Shortcut for generating a static output port and adding it to the filter. See also nexxT.interface.Ports.OutputPort()

Parameters:: name – The name of the output port
Returns:: the new port instance

addStaticPort(port)[source]

Register a static port for this filter. Only possible in CONSTRUCTING state.

Parameters:: port – InputPort or OutputPort instance
Returns:: None

environment()[source]

Returns the environment associated with this filter.

Returns:: a FilterEnvironment instance

getDynamicInputPorts()[source]

Get dynamic input ports of this filter. Only possible in and after INITIALIZING state.

Returns:: list of dynamic input ports

getDynamicOutputPorts()[source]

Get dynamic output ports of this filter. Only possible in and after INITIALIZING state.

Returns:: list of dynamic output ports

guiState()[source]

Return the gui state associated with this filter. Note: the gui state shall not be used for properties which are important for data transport, for these cases the propertyCollection() shall be used. Typical gui state variables are: the geometry of a user-managed window, the last directory path used in a file dialog, etc. The gui state might not be initialized during mockup-phase.

Returns:: PropertyCollection instance

onClose()[source]

This function can be overwritten for general de-initialization tasks (e.g. release resources needed to run the filter, close files, etc.). It is the opoosite to onOpen(…).

Returns:: None

onDeinit()[source]

This function can be overwritten for performing de-initialization tasks related to dynamic ports. It is the opposite to onInit(…)

Returns:: None

onInit()[source]

This function can be overwritten for performing initialization tasks related to dynamic ports.

Returns:: None

onOpen()[source]

This function can be overwritten for general initialization tasks (e.g. acquire resources needed to run the filter, open files, connecting to services etc.).

Returns:

onPortDataChanged(inputPort)[source]

This function can be overwritten to be notified when new data samples arrive at input ports. For each data sample arrived this function will be called exactly once.

Parameters:: inputPort – the port where the data arrived
Returns:: None

onStart()[source]

This function can be overwritten to reset internal filter state. It is called before loading a new sequence.

Returns:: None

onStop()[source]

Opposite of onStart.

Returns:: None

onSuggestDynamicPorts()[source]

Shall return the suggested dynamic ports of this filter. Prominent example is to return the streams contained in a HDF5 file. Note that it is safe to assume that the instance lives in the GUI thread, when this function is called from the nexxT framework.

Returns:: listOfInputPortNames, listOfOutputPortNames

propertyCollection()[source]

Return the property collection associated with this filter.
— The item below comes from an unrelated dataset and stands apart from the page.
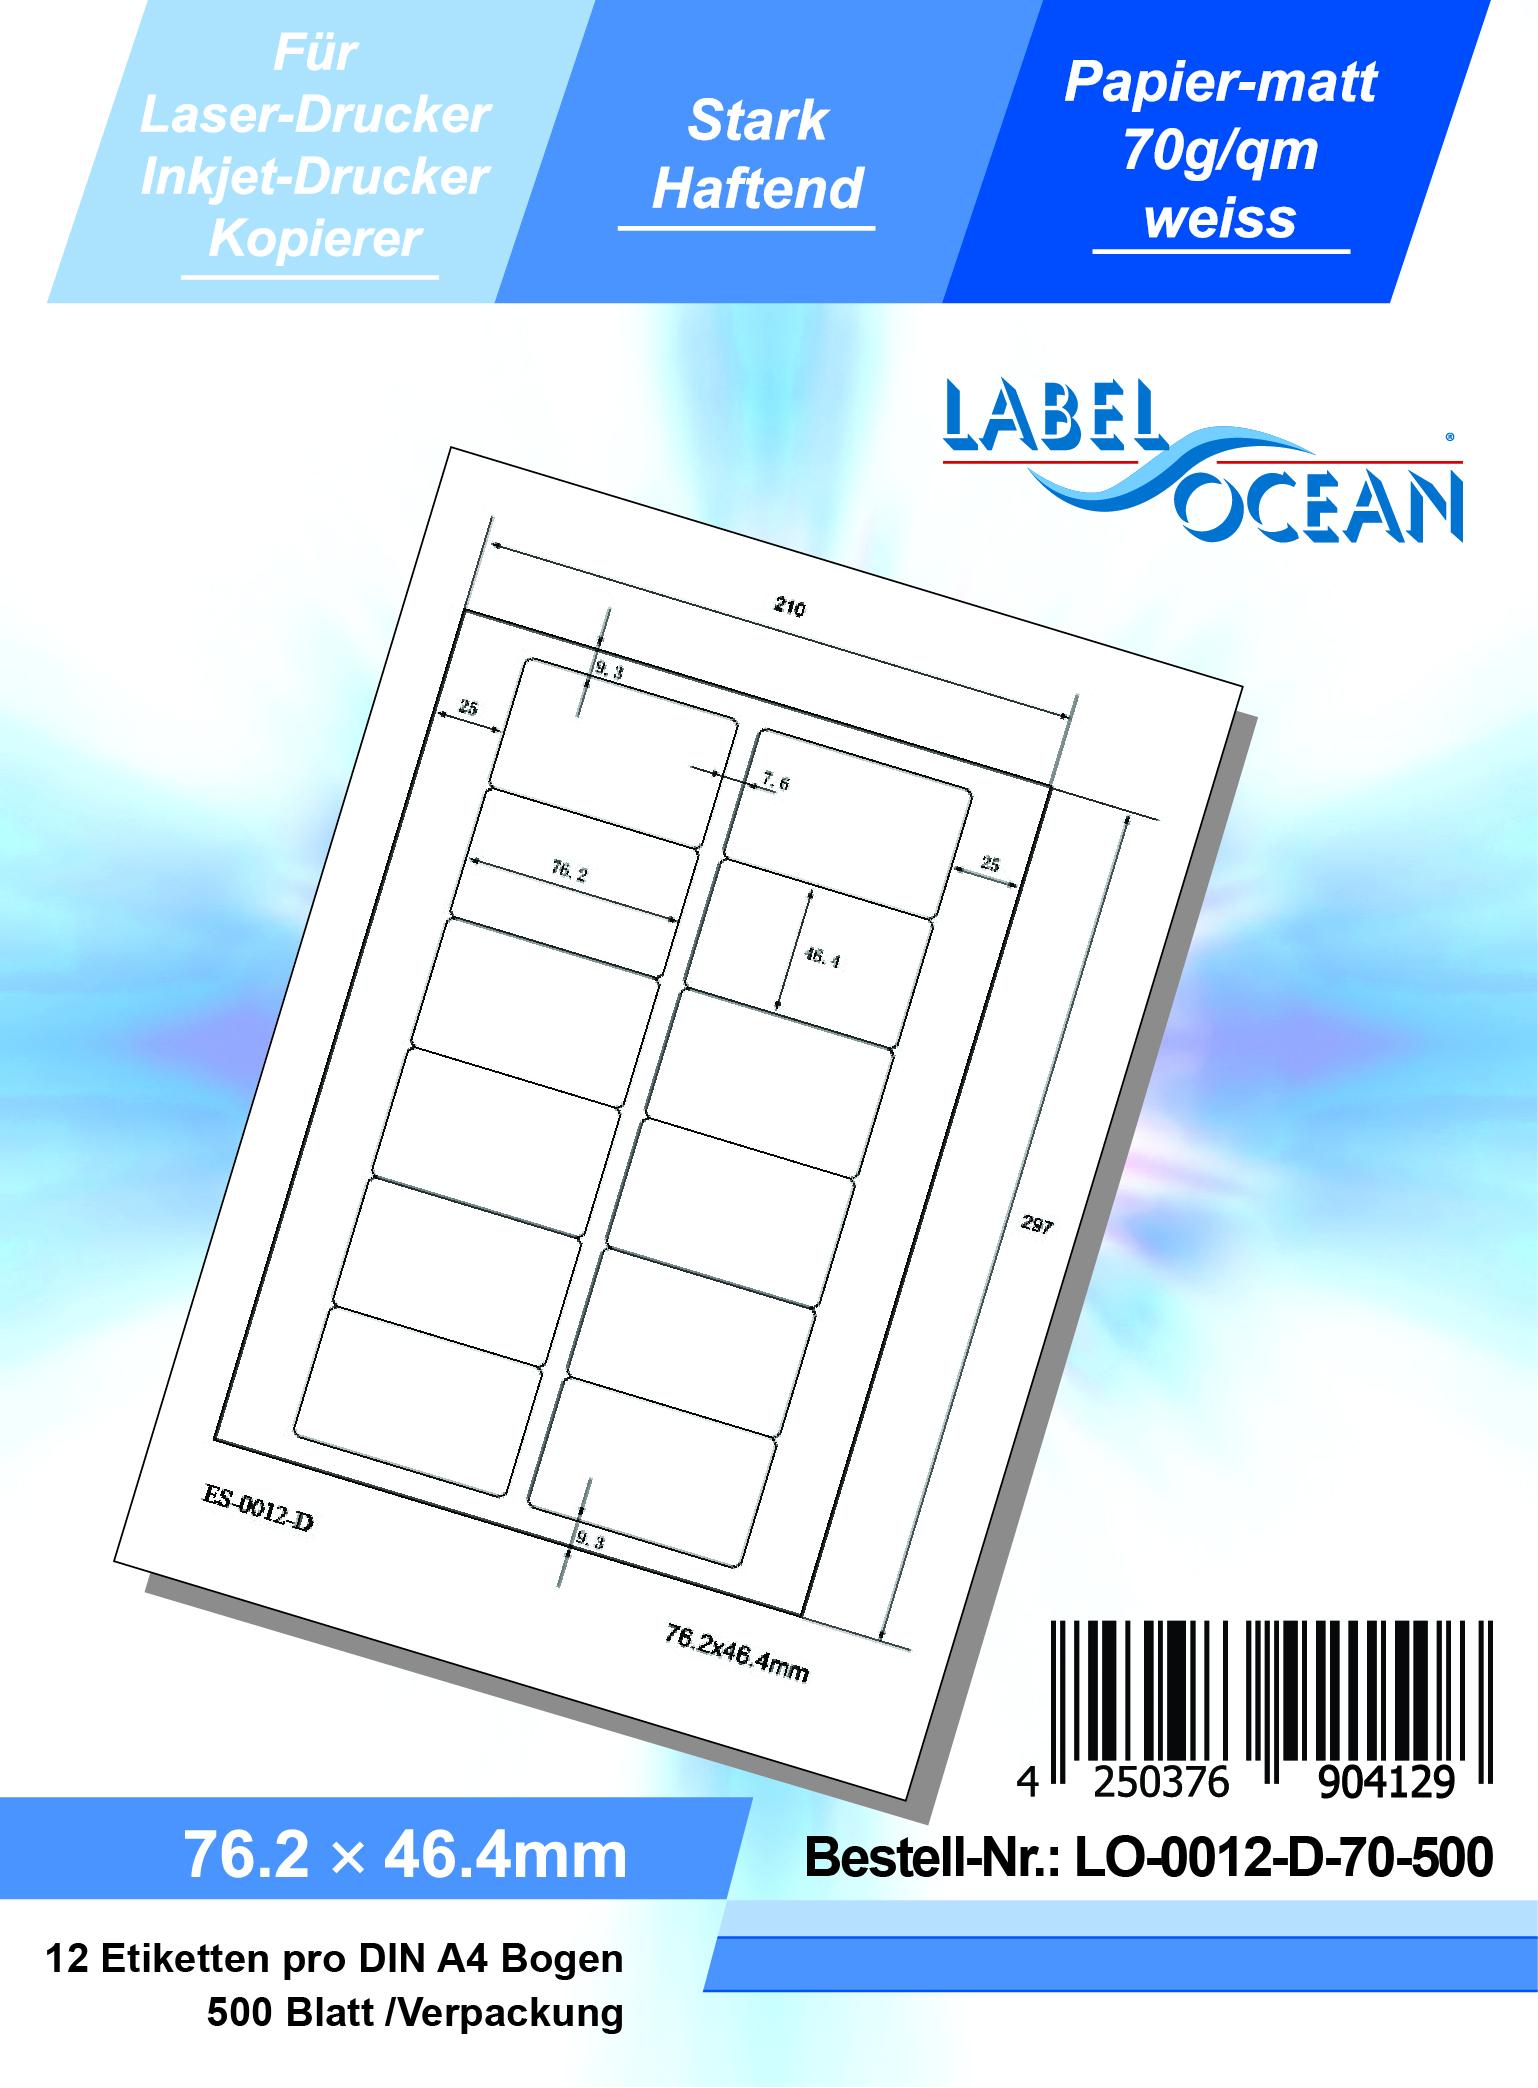 1000 Blatt Laser Inkjet Kopierer Klebeetiketten DIN A4 weiß 63,5x72mm

Returns:: PropertyCollection instance

removeStaticPort(port)[source]

Remove a static port of this filter. Only possible in CONSTRUCTING state.

Parameters:: port – InputPort or OutputPort instance
Returns:: None

staticMetaObject = PySide6.QtCore.QMetaObject("Filter" inherits "QObject": )

class nexxT.interface.FilterState[source]

Bases: object

Note

Import this class with from nexxT.interface import FilterState.

This class defines an enum for the filter states. For reference, the filter’s lifecycle state diagram is shown here:

static state2str(state)[source]

converts a state integer to the corresponding string

Parameters:: state – the state integer
Returns:: string

class nexxT.interface.FilterSurrogate(dllUrls, name)[source]

Bases: object

Note

Import this class with from nexxT.interface import FilterSurrogate.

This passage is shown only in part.